Coordinates are given in decimal degrees (WGS 84 projection).

In total, 1,158 flies were genotyped at seven loci following a previously described protocol (16). All genotyping was handled or supervised by the same person (S.R.), thus ensuring optimal calibration of allele sizes across subsamples. Males were coded as homozygous at X-linked loci. Overall, 61% of the flies were females, which are more informative given that four out of the seven loci are X-linked. Details on the genotyping procedure and the loci selected are presented in Details on the Genetic Analysis, together with tests of linkage disequilibrium and departure from Hardy–Weinberg (HW) equilibrium.

Three different genetic distances were initially explored: Wright’s fixation index F_ST (23), CSE (24), and Bowcock et al.’s shared allelic distance (25). After an exploratory data analysis, CSE was selected, because it behaves better in case of missing data and is more appropriate for measuring relative distances between pairs of populations (26–28). We detail how CSE was calculated in Details on the Genetic Analysis.

Environmental Datasets for the Analysis of Genetic Distance.
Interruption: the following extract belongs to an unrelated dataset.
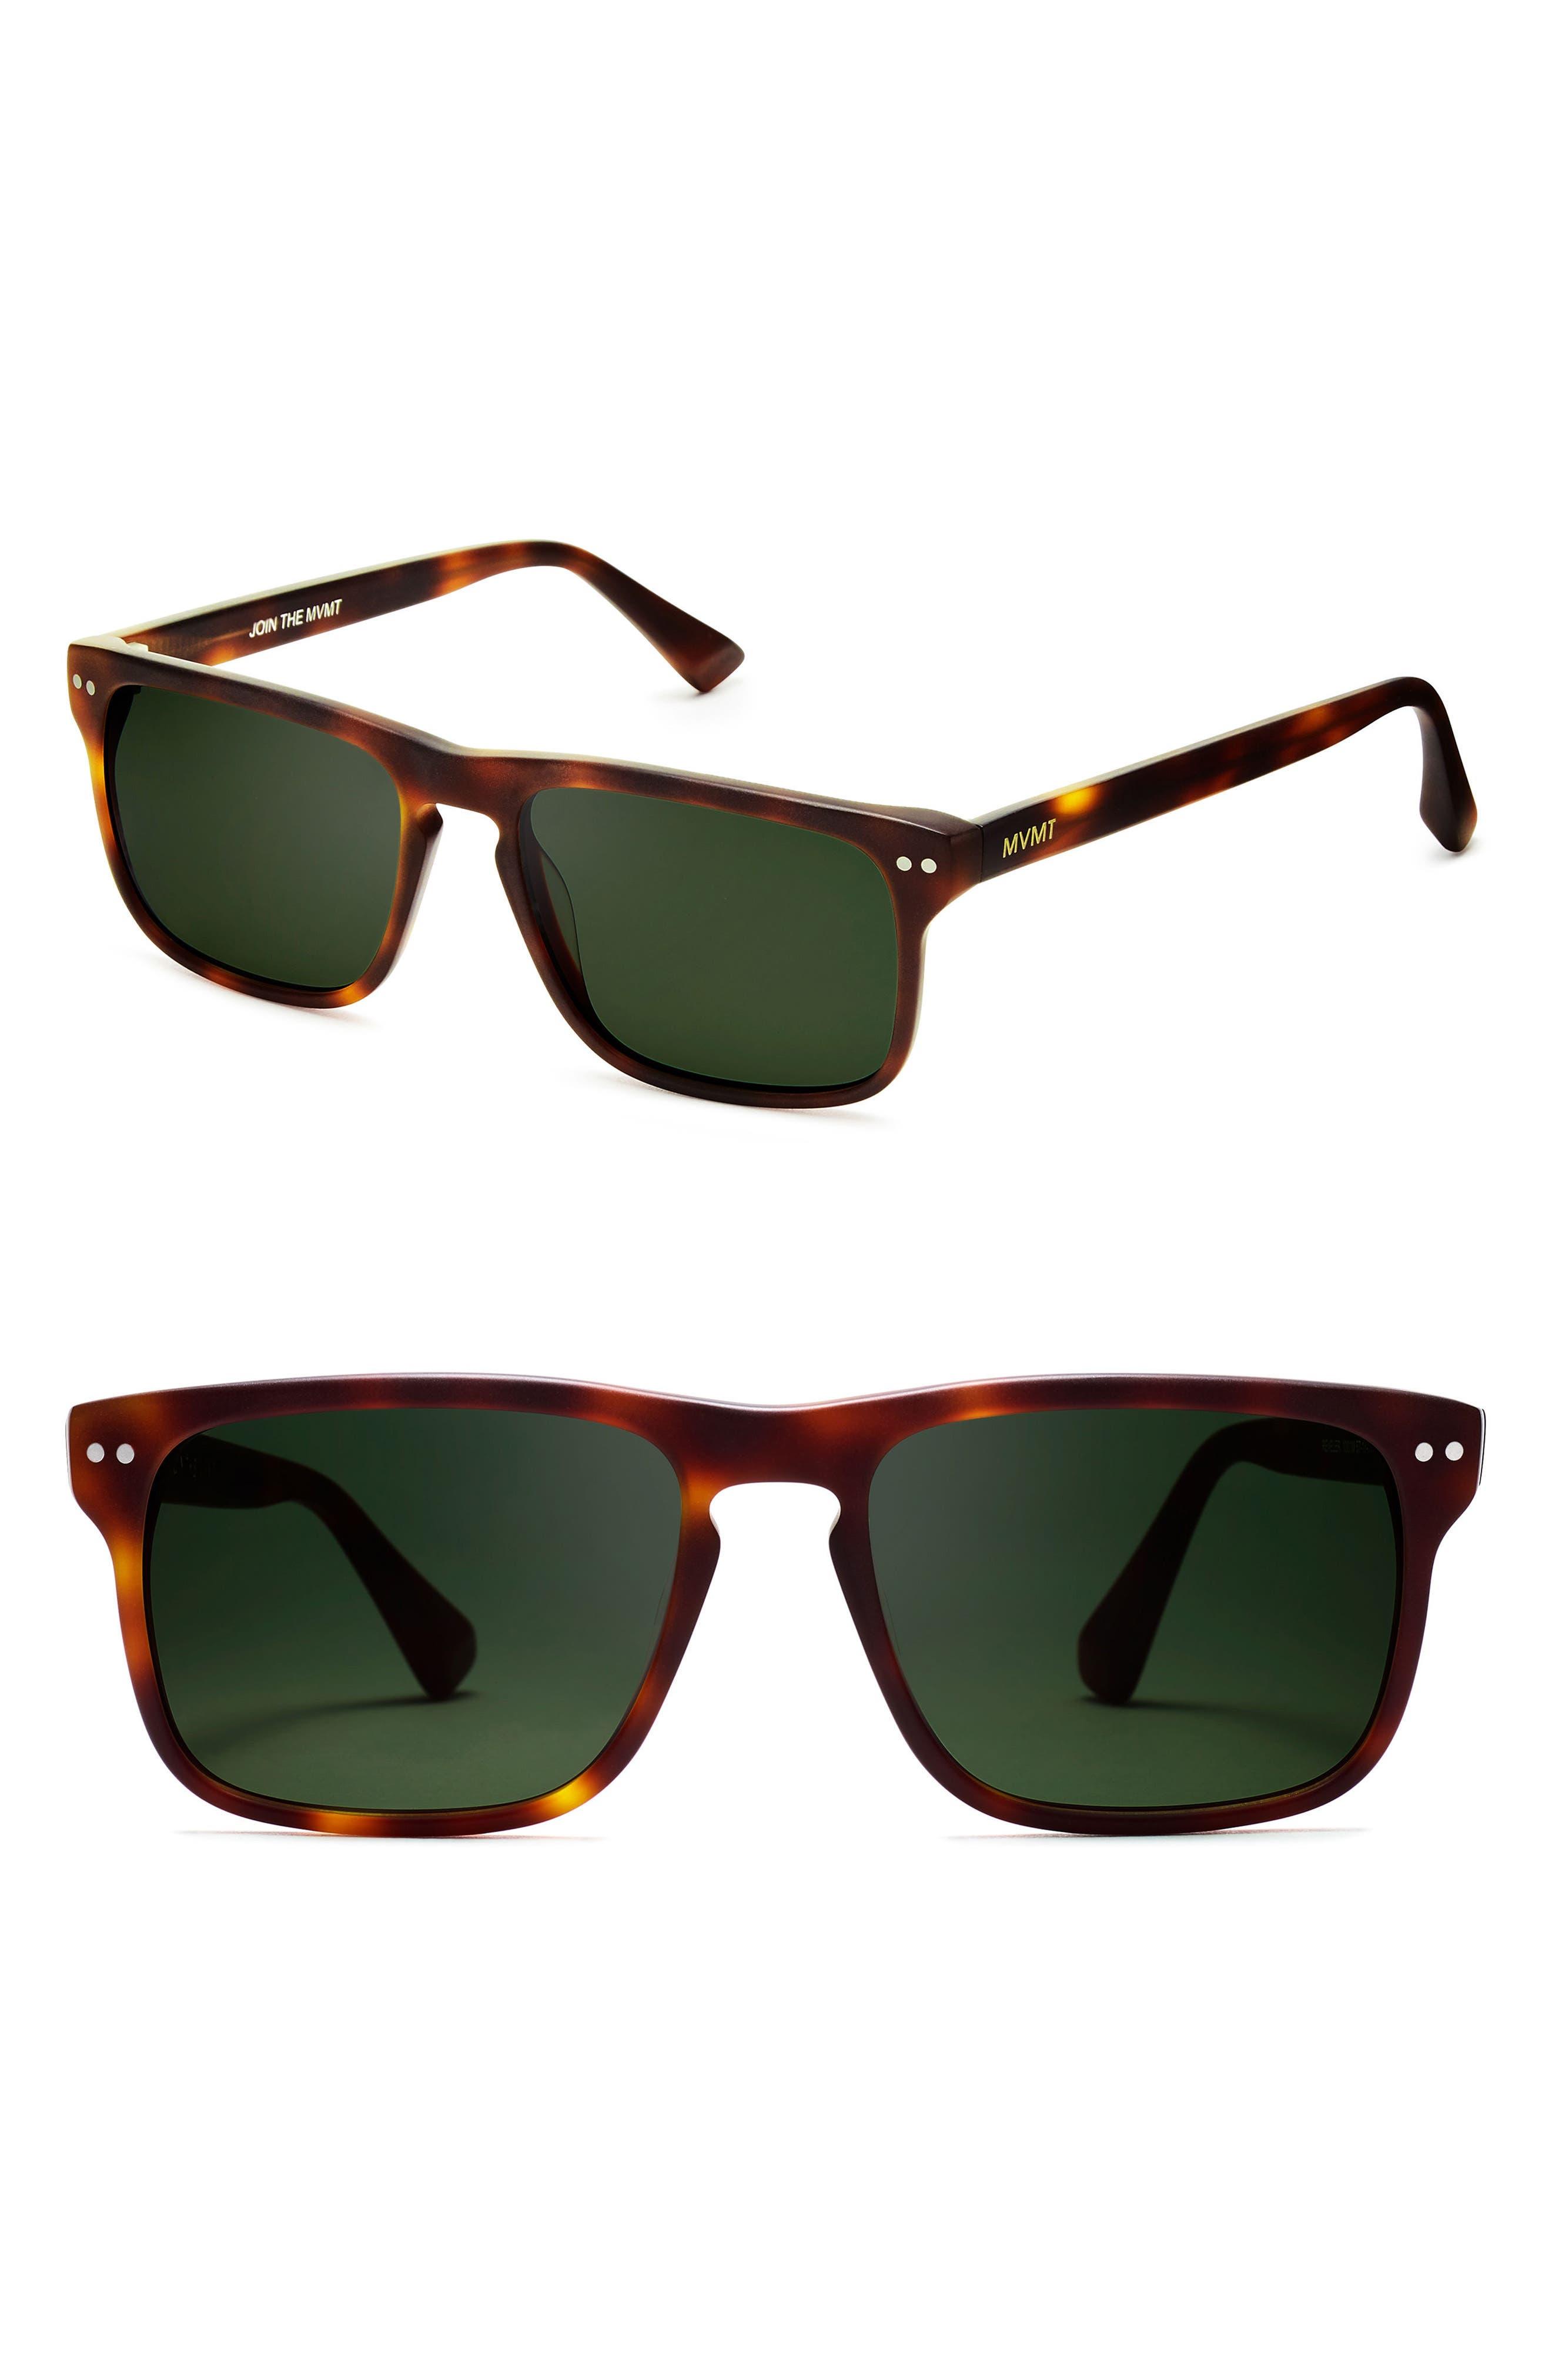 Reveler 57mm Sunglasses,                             Main thumbnail 1, color,                             Whiskey Tortoise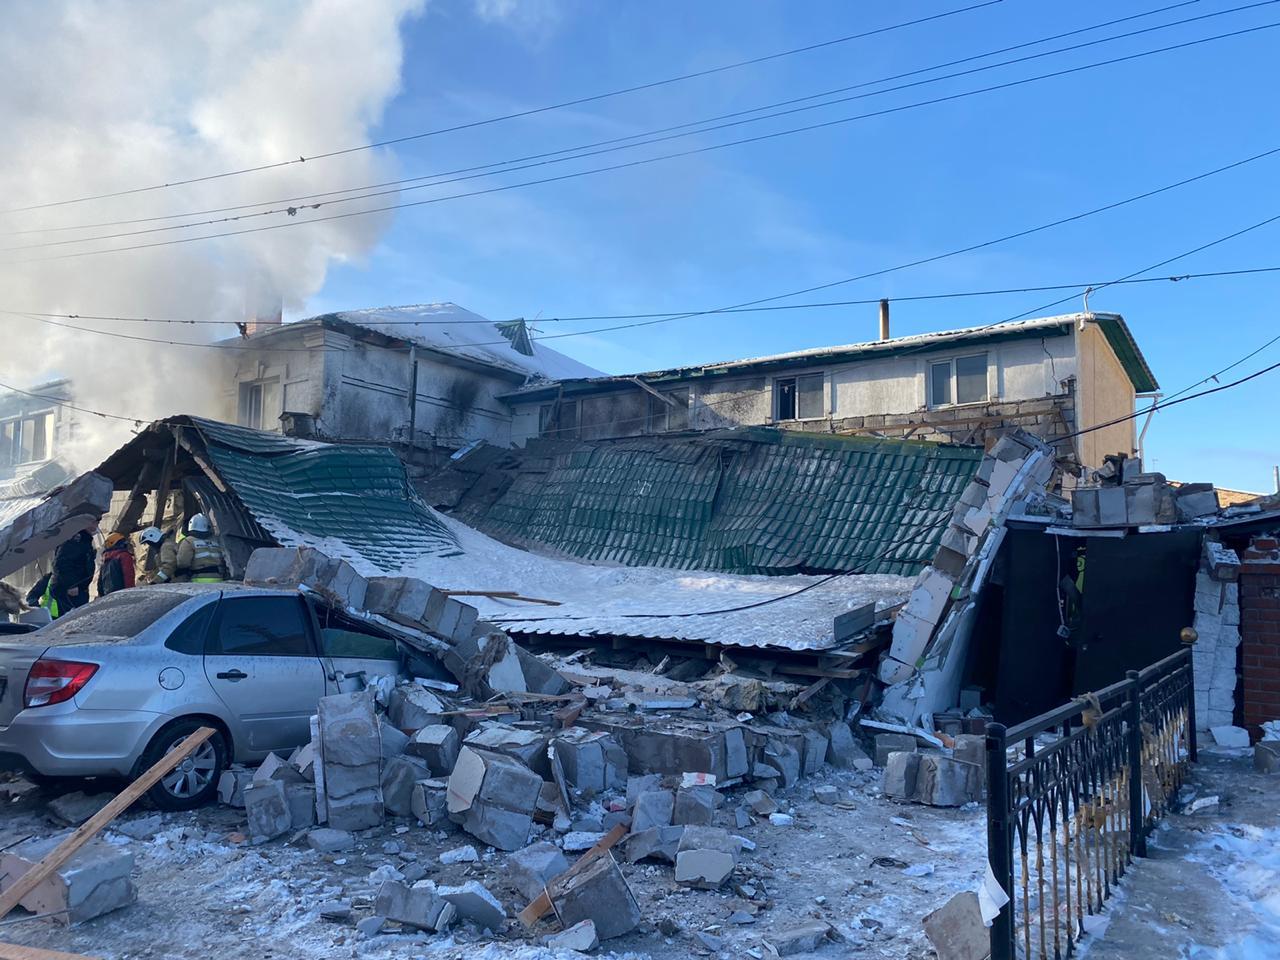 Аким столицы поручил проверить объекты общепита на соблюдение правил пожарной безопасности

First, we explored the relationship between CSE and expert-based land-cover permeability scores (Table S1 and Fig. S1). Because of the failure of the latter to predict observed genetic distances, a range of spatially explicit environmental datasets selected based on the ecology of G. p. gambiensis were explored as explanatory variables. We considered climate (temperature and rainfall), land cover, human and cattle population, and topography (average slope and elevation change) (Figs. S2 and S3 and Environmental Variables and Relationship with the Genetic Distance). We also considered hydrological features (river basins) and habitat fragmentation metrics derived from Moderate Resolution Imaging Spectroradiometer (MODIS) tree cover (i.e., the area and density of patches of suitable habitat and the maximum distance between patches of suitable habitat) (Fig. 2, Fig. S4, and Environmental Variables and Relationship with the Genetic Distance). Considering the collection dates of the entomological data (2007–2010), and given the studied genetic markers, we focused on environmental datasets collected after 2000. For all gridded environmental datasets, average values were calculated along each line connecting tsetse sampling sites pairwise. Principal components analysis was used to identify the most correlated variables. When strong correlations were found (|r| > 0.8), one of the variables was discarded, and the one with the most straightforward or acknowledged effect on the genetic distance was retained (Environmental Variables and Relationship with the Genetic Distance). To assess the shape and strength of the relationship between genetic distance and predictors, scatterplots were drawn with superimposed linear and loess-smoothed fits (Fig. 1 and Fig. S4). To account for the nonlinear fragmentation process (Fig. S5), the patch density was discretized into three categories (low, medium, and high). Additional data on this exploration phase and on how the data were prepared for the model are presented in Environmental Variables and Relationship with the Genetic Distance.

Fig. S2.

Environmental datasets for genetics. (A) Mean daytime land surface temperature (January 2001–December 2005). (B) Averaged mean daytime land surface temperature along straight lines connecting the entomological sampling sites. (C) Mean rainfall (summed monthly synoptic means for 1960–2000). Source: Worldclim (38). (D) Average rainfall along straight lines connecting the entomological sampling sites. (E) Digital elevation model (57). (F) Total elevation change (both up and down) between entomological sampling sites. (G) Slope. (H) Average slope between entomological sampling sites (both up and down).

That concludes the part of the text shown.